INFORMATION SUPPLIED:
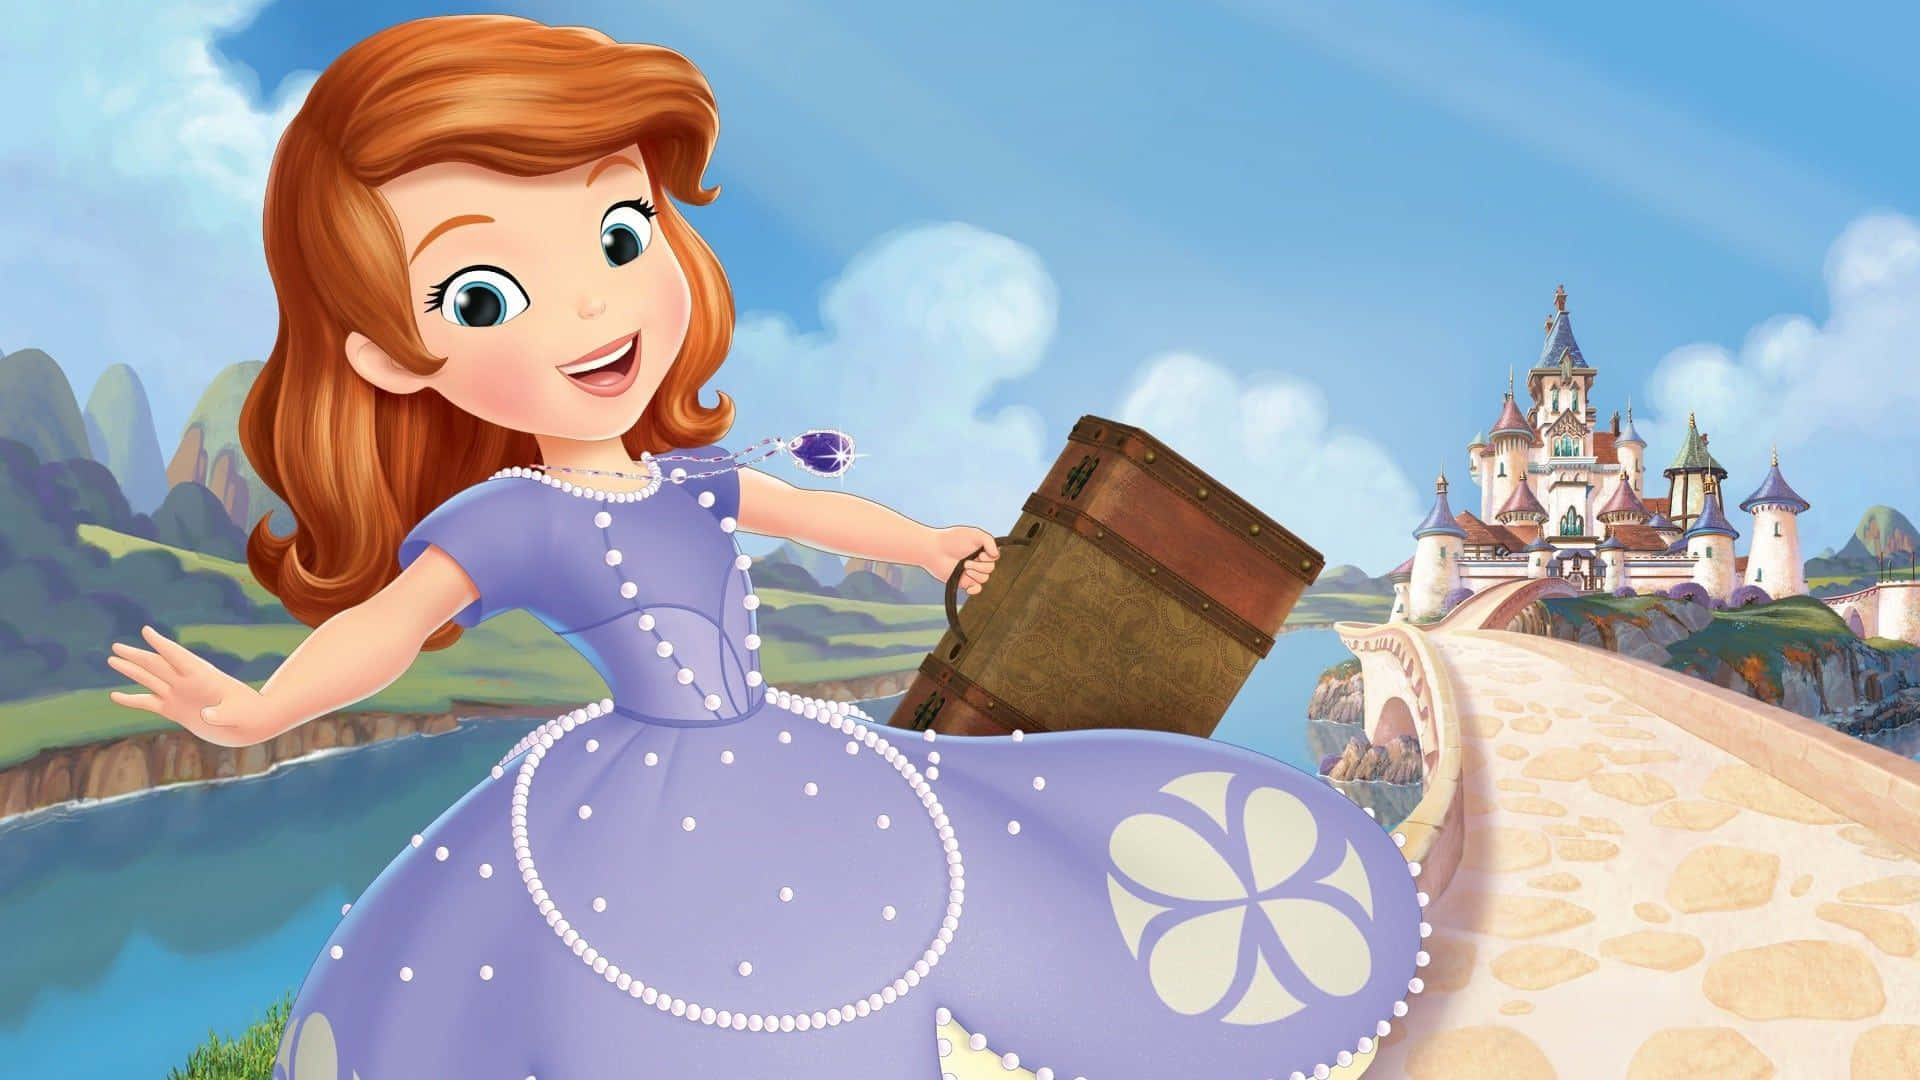 Sofia The First Surrounded by Friends Wallpaper
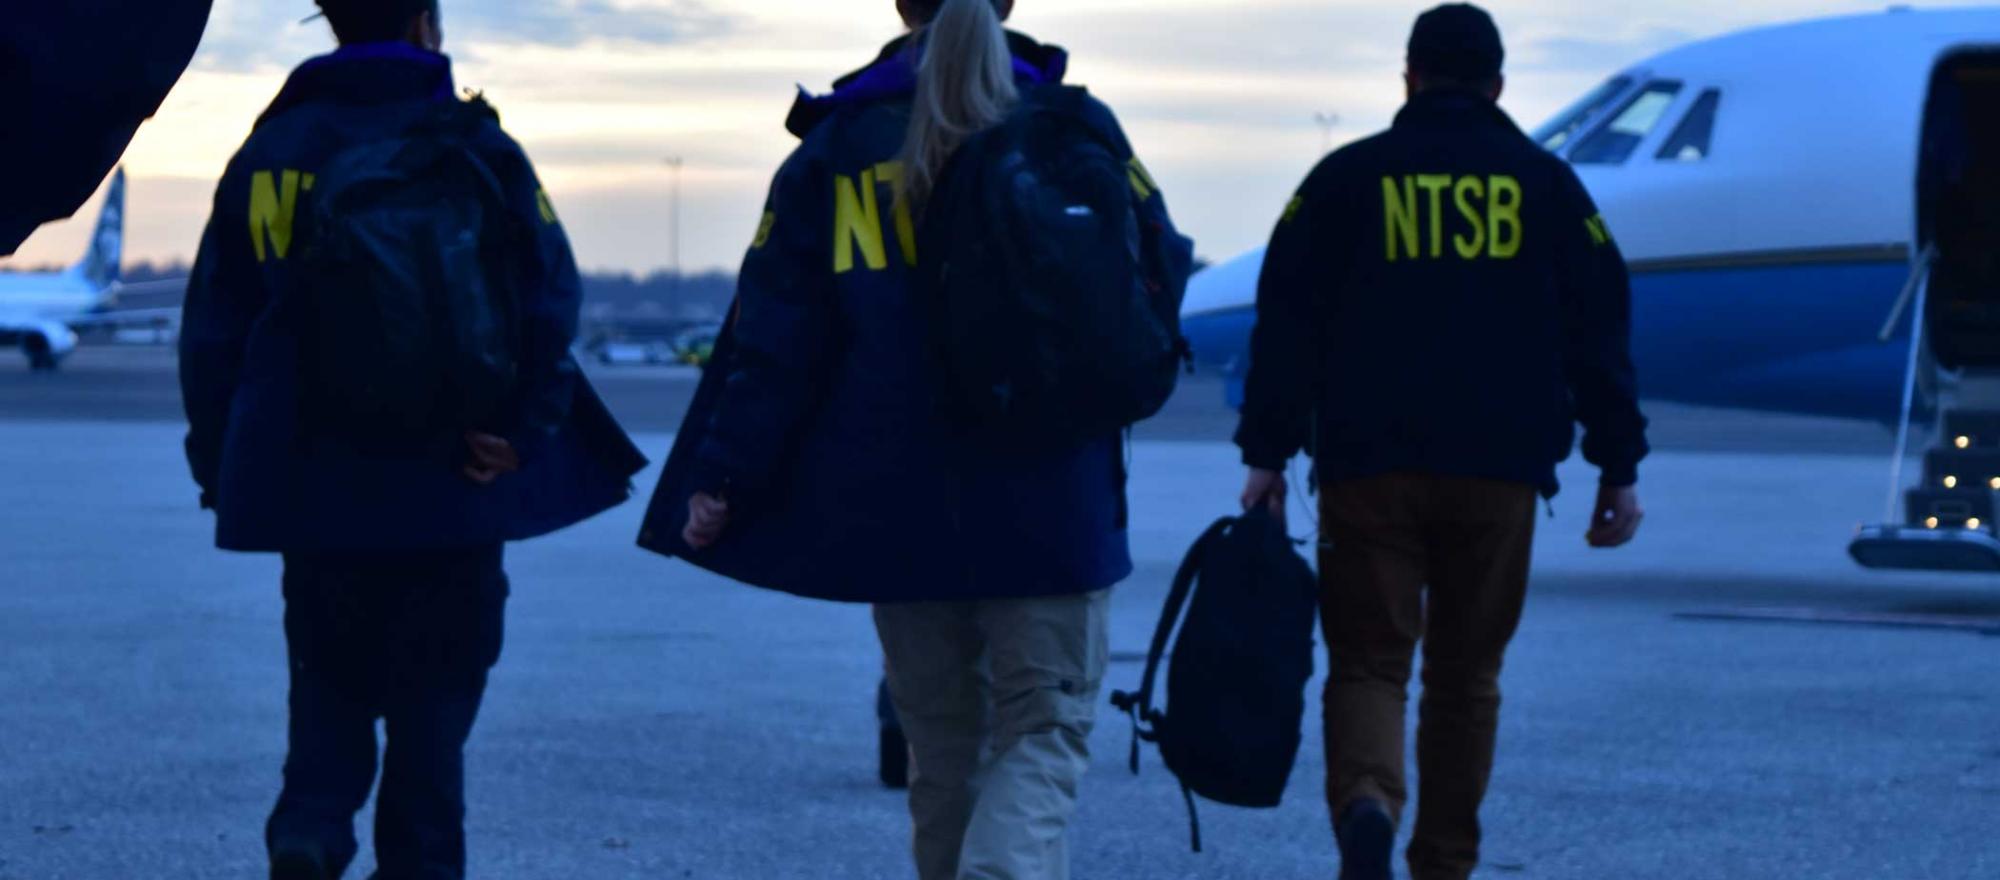 NTSB workers
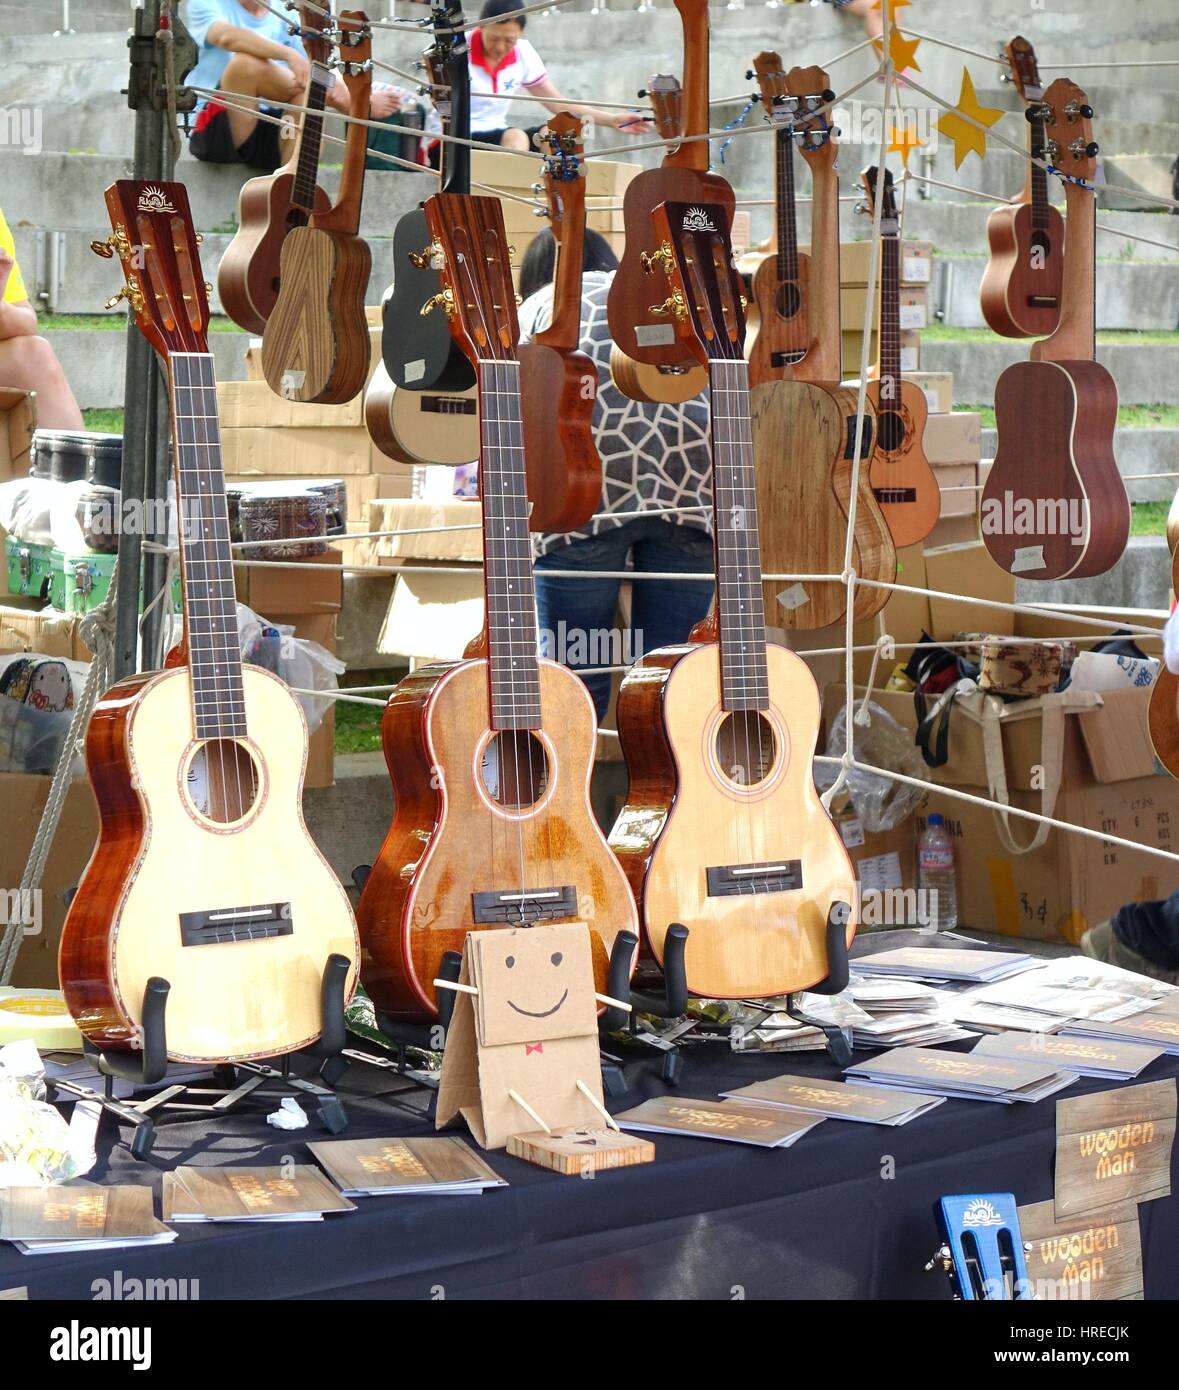 KAOHSIUNG, TAIWAN -- APRIL 23, 2016: Outdoor vendors sell musical string instruments at the 1st Pacific Rim Ukulele Festival, a free public outdoor ev Stock Photo
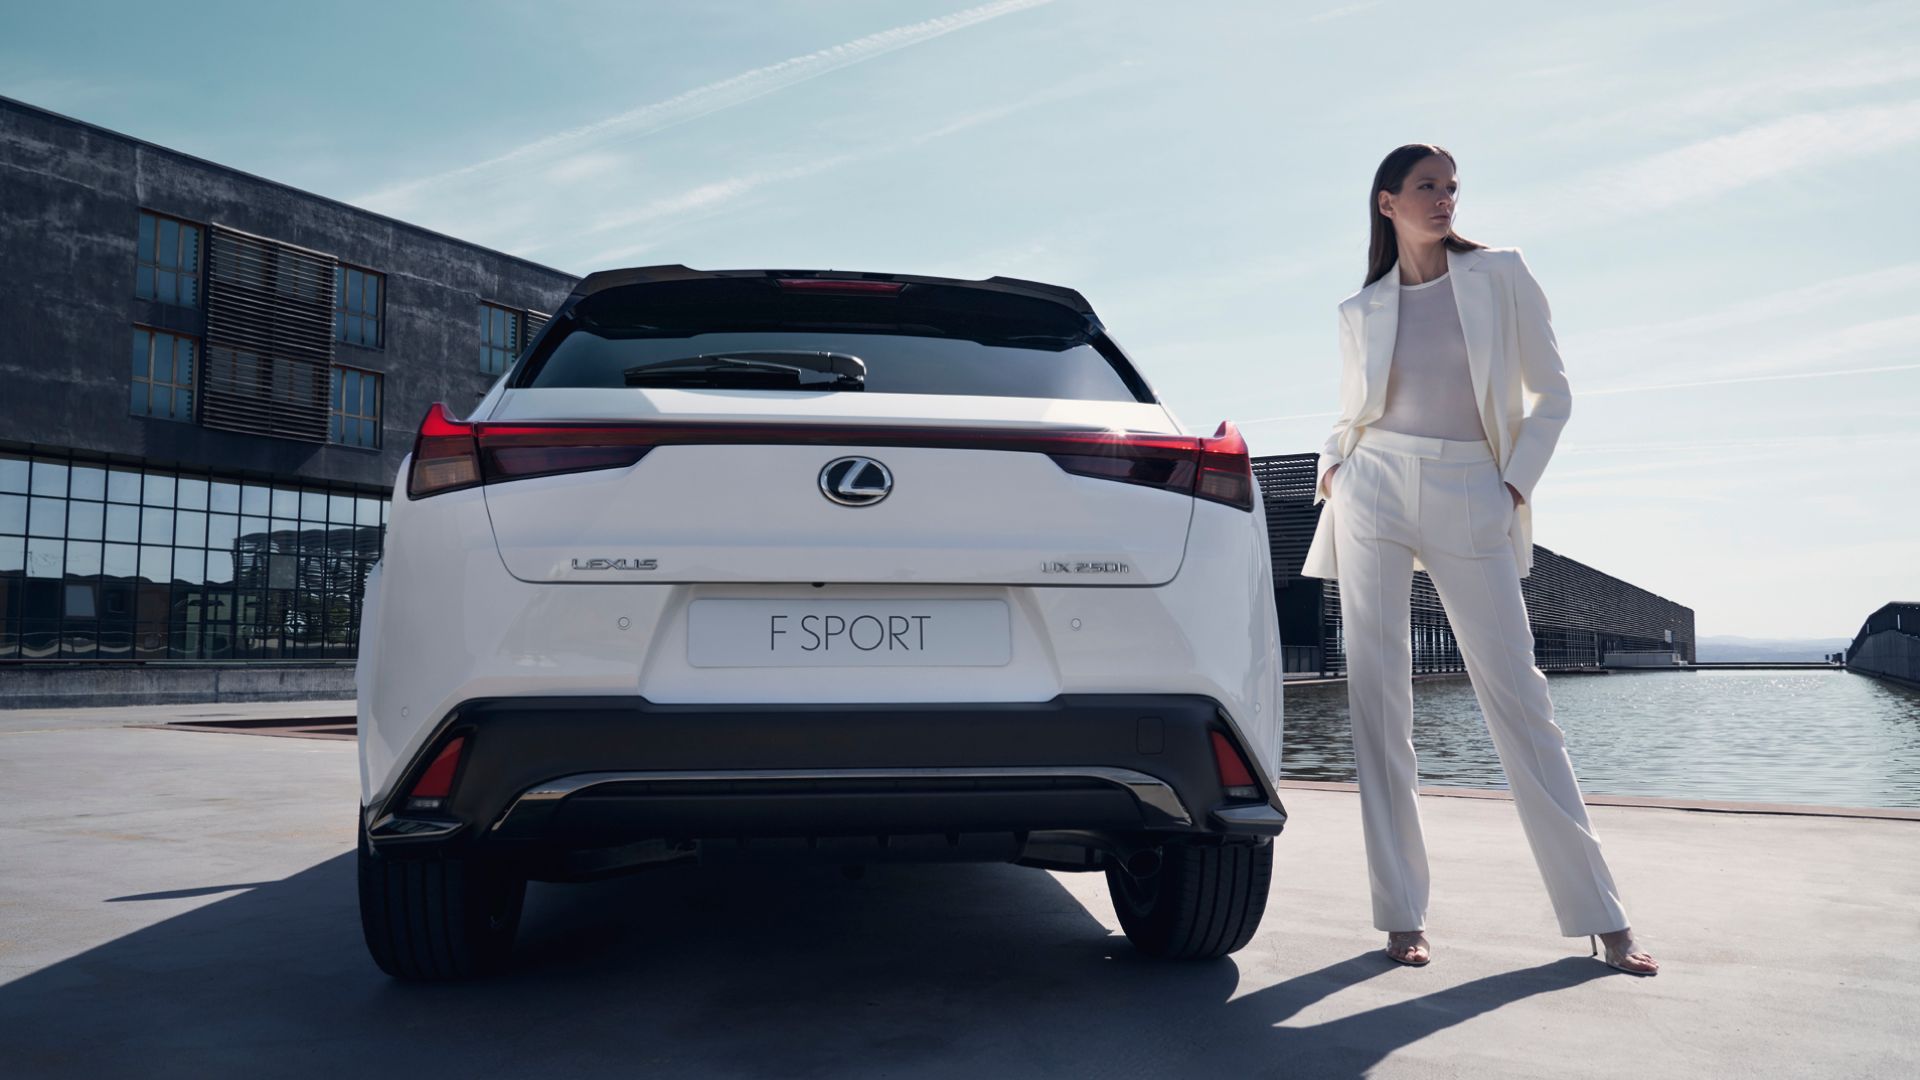 A person stood next to a Lexus UX F Sport

TASK:
Pictures are to be omitted. Print exactly the lines from the line containing "KAOHSIUNG, TAIWAN -- APRIL" through the final line of the material above, both included.

RESPONSE:
 KAOHSIUNG, TAIWAN -- APRIL 23, 2016: Outdoor vendors sell musical string instruments at the 1st Pacific Rim Ukulele Festival, a free public outdoor ev Stock Photo
 A person stood next to a Lexus UX F Sport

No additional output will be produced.